I have a history of having hundreds of tiny ulcers in my stomach as well as I was born with only a partial esophageal sphincter. This is the flap that is like a valve from your esophagus to your stomach that keeps the acid from splashing back up. So I can be very sensitive to things like this as well.
Anyway...my point is that there are some medications that all of a sudden our body just doesn't like anymore! LOL..
So maybe even switching your muscle relaxer is an option as well to try.
Baclofen made me very sick gave me a burning like heartburn, nausea, pain in-between shoulder blades. I could not tolerate it and was switched to Soma it works great and is easy on my stomach. Something to look into. Also, could it be the stress of school since you have gone back? Travel? Diet?
I would defiantly tell your doctor your concern on the Tylenol intake you are on a high dose of Tylenol 750 you can get it down as far as 325 I believe w/out switching it up to much maybe Norco same Hydrocodone but only 325 Tylenol.
Just a though. I hope you feel better. Keep us posted on how you are doing.
I would not wait for your next appointment though I would call and speak with your doctor or assistant as soon as you get a chance continued nausea could be a sign of something else too.
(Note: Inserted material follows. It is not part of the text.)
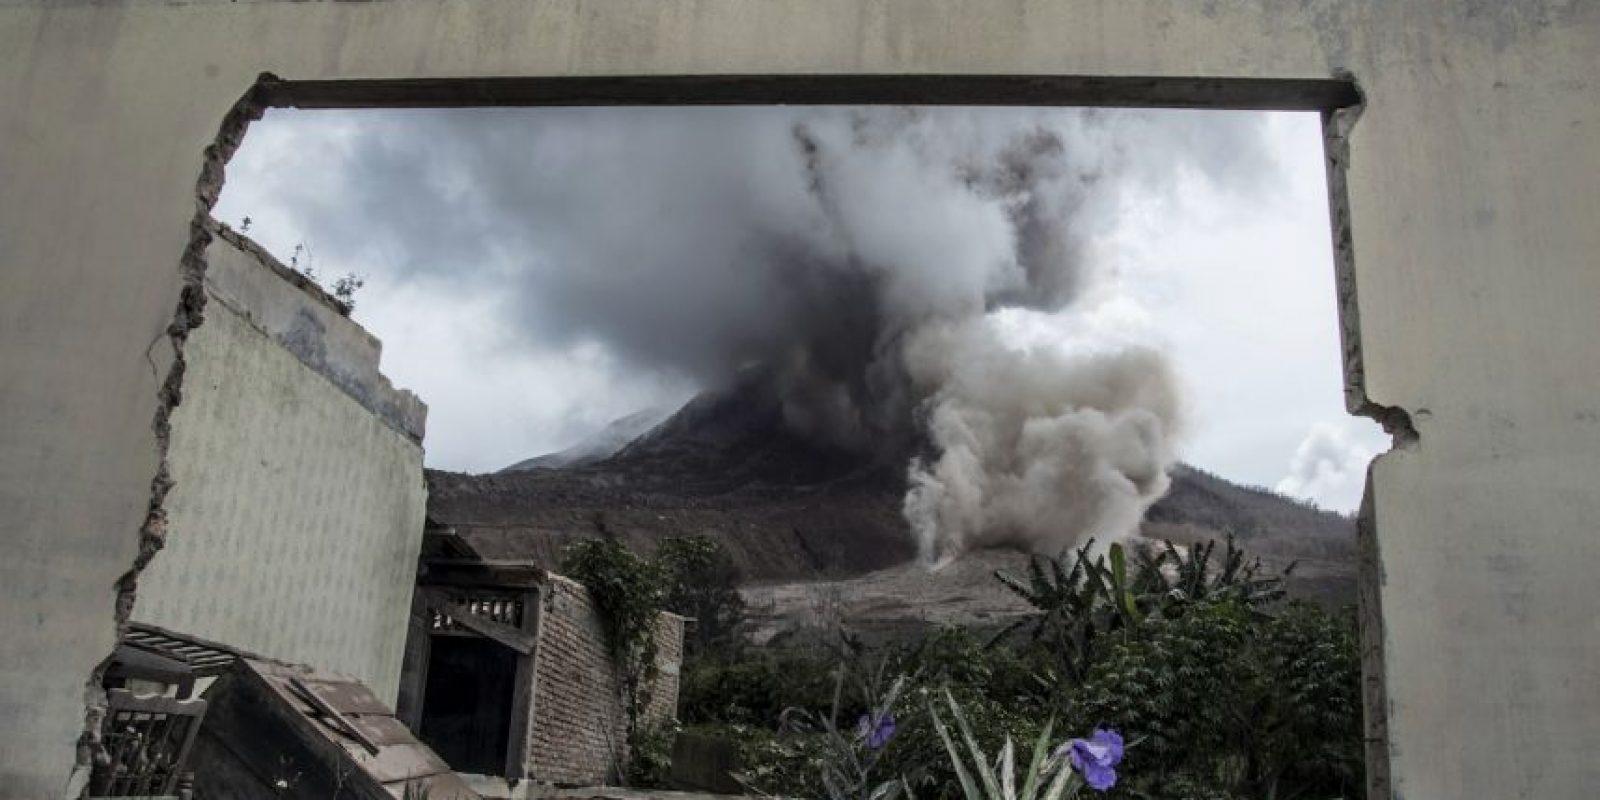 Los científicos temen que reaccione violentamente en las próximas semanas. Foto:AFP

I am not a doctor so keep that in mind when reading my suggestions.... They are just that suggestions.
What are you studying in school? Do you have a busy, stressful, schedule, this semester?
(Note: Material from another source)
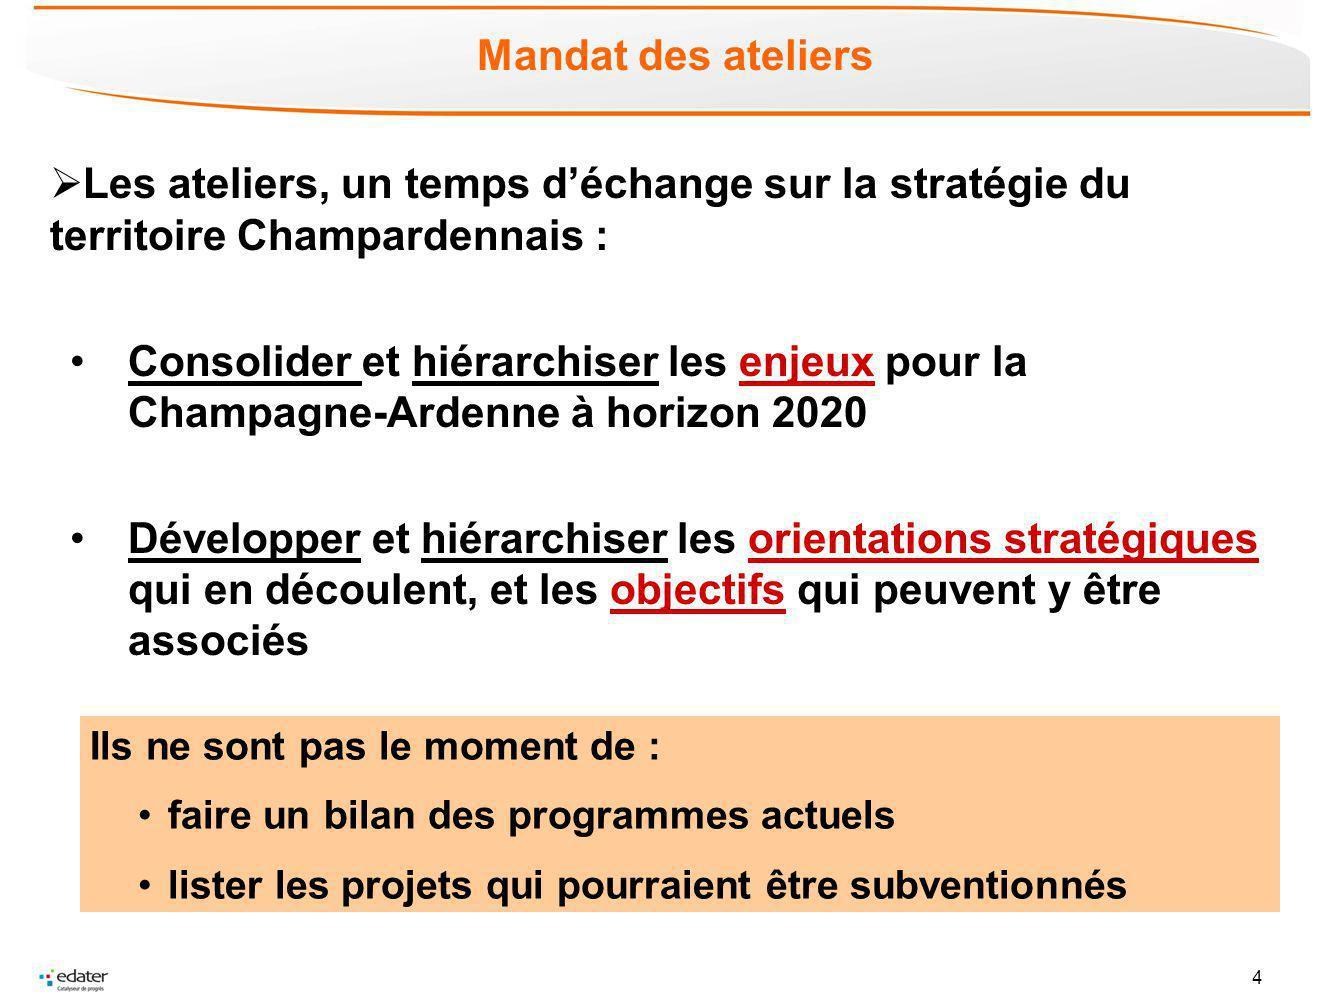 Mandat des ateliers Les ateliers, un temps d'échange sur la stratégie du territoire Champardennais :

The dr can give norco which is hydro w less tylenol. Most insurnance companies wont pay for the v-prophen and it is VERY expensive. I too was concerened about the amount. I flat out told him :hey doc, Ive been on these for a few months and the way your plan goes it will be more, is there something with less tylenol? He said Yup-
Vicoprofen is available as a generic and around here is only slightly more expensive than generic Norco.
Severe DDD, Severe neural foraminal stenosis at 2 levels, moderate canal stenosis at 2 levels, significantly impaired left shoulder & arm function. Chronic moderate compression fracture at C6.